Disinilah perlu, mengevaluasi keduanya agar terjalin hubungan yang harmonis. Karena akar masalah KDRT secara hakiki bukan karena ketimpangan gender, melainkan akibat penerapan asas sekularisme yang memisahkan agama dari kehidupan. Imbasnya, hubungan suami dan istri tidak diatur sesuai syariat-Nya. Tetapi diatur oleh kepentingan masing-masing atau asas manfaat saja.

Oleh karena itu, dalam mengarungi kehidupan rumah tangga harus menghadirkan kesadaran ruhiyah bahwa pergaulan yang baik antara suami dan istri adalah wasiat Allah dan Rasul-Nya. Artinya, masing-masing memahami hak dan kewajibannya secara baik dan dilakukan karena semata-mata mengharapkan rido Allah Swt.

Adapun jika seorang istri melakukan pembangkangan, maka seorang suami harus menasihatinya terlebih dahulu. Dan suami harus mengetahui terlebih dahulu, batas pembangkangannya seperti apa. Ketika dinasihati tetap membangkang, maka suami boleh mendiamkan istri di tempat tidurnya (hajr).
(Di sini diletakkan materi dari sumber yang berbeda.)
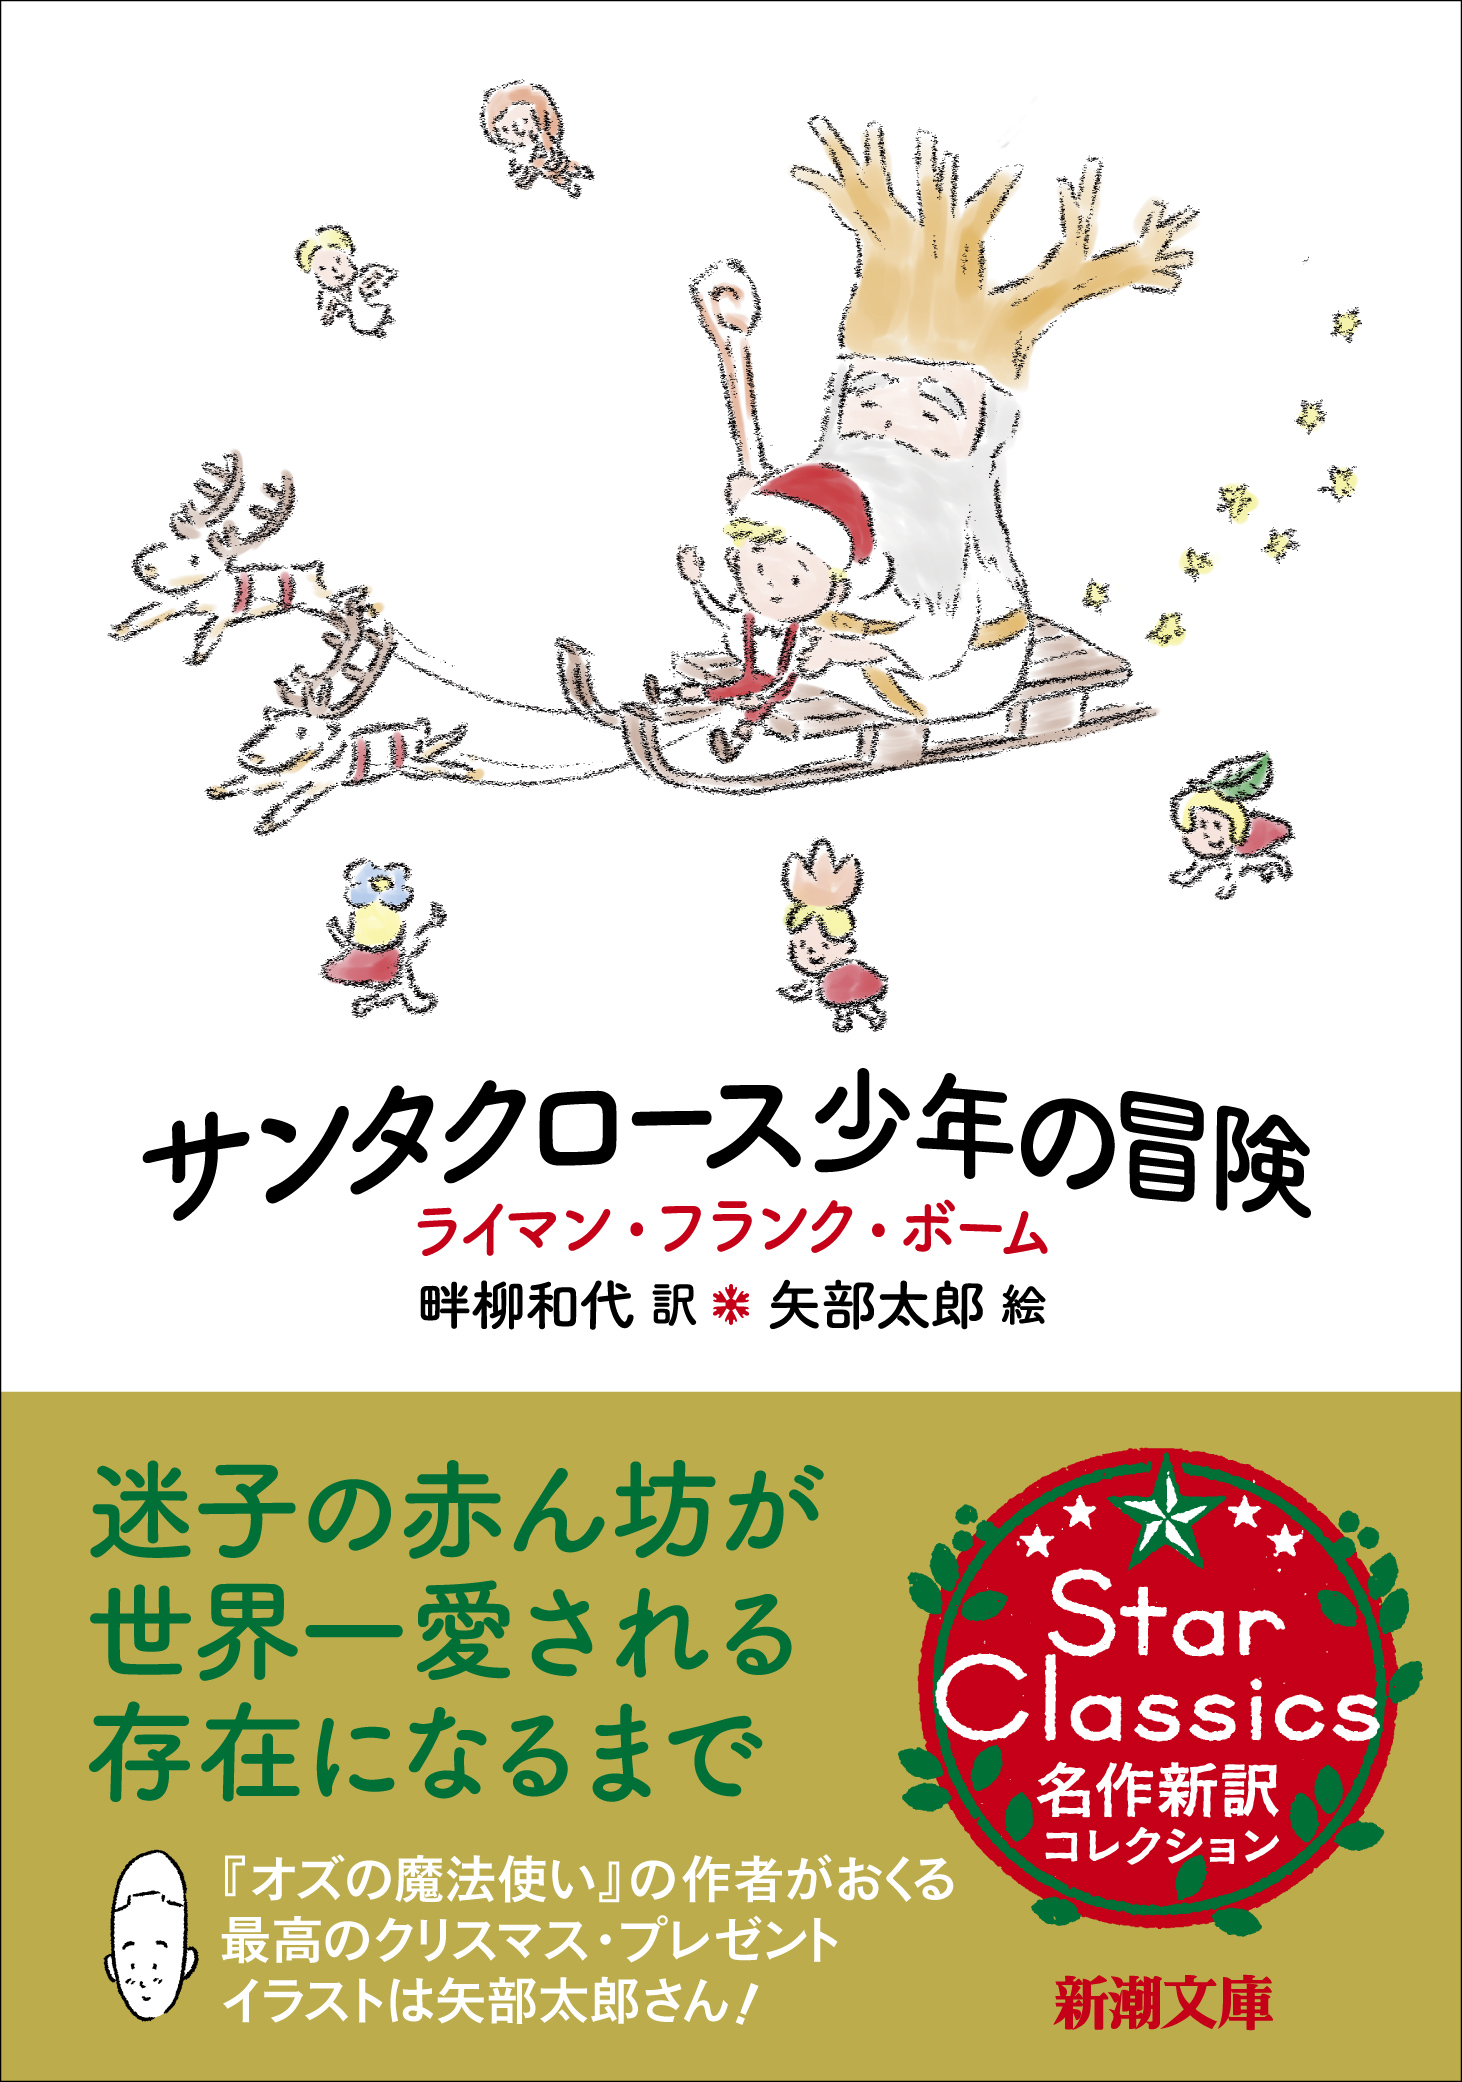 大家さんと僕 矢部太郎さんが装幀 挿絵を担当 今年最高のクリスマス

Kalau sampai tahap ini istri masih membangkang, ta’dib adalah jalan terakhir.

Adapun syarat melakukan ta’dib adalah pertama, memukul bukan pada tempat yang dilarang, seperti wajah. Kedua, memukul tidak pada tempat yang membahayakan, misalnya pelipis, perut, jantung, dan organ vital lainnya. Ketiga, memukul tidak dilakukan dengan kekuatan penuh sehingga menyakitkan, misal menimbulkan bekas luka, merusak anggota tubuh, atau bahkan pukulan mematikan.

Jika ketiga syarat ini dilanggar, suami bukan lagi mendisiplinkan istri, tetapi sudah melakukan tindakan kriminal (KDRT) dan sangat tidak diperbolehkan dalam Islam. Korban dipersilakan melaporkan perbuatan suami kepada pihak berwajib. Negara akan menetapkan sanksi tegas bagi pelaku KDRT.

Itulah indahnya aturan Islam ketika diterapkan di tengah-tengah keluarga. Akan ada keharmonisan didalamnya, ketenangan, dan ketentraman. Karena hubungan suami istri itu bagaikan sahabat, artinya akan saling ketergantungan satu sama lain.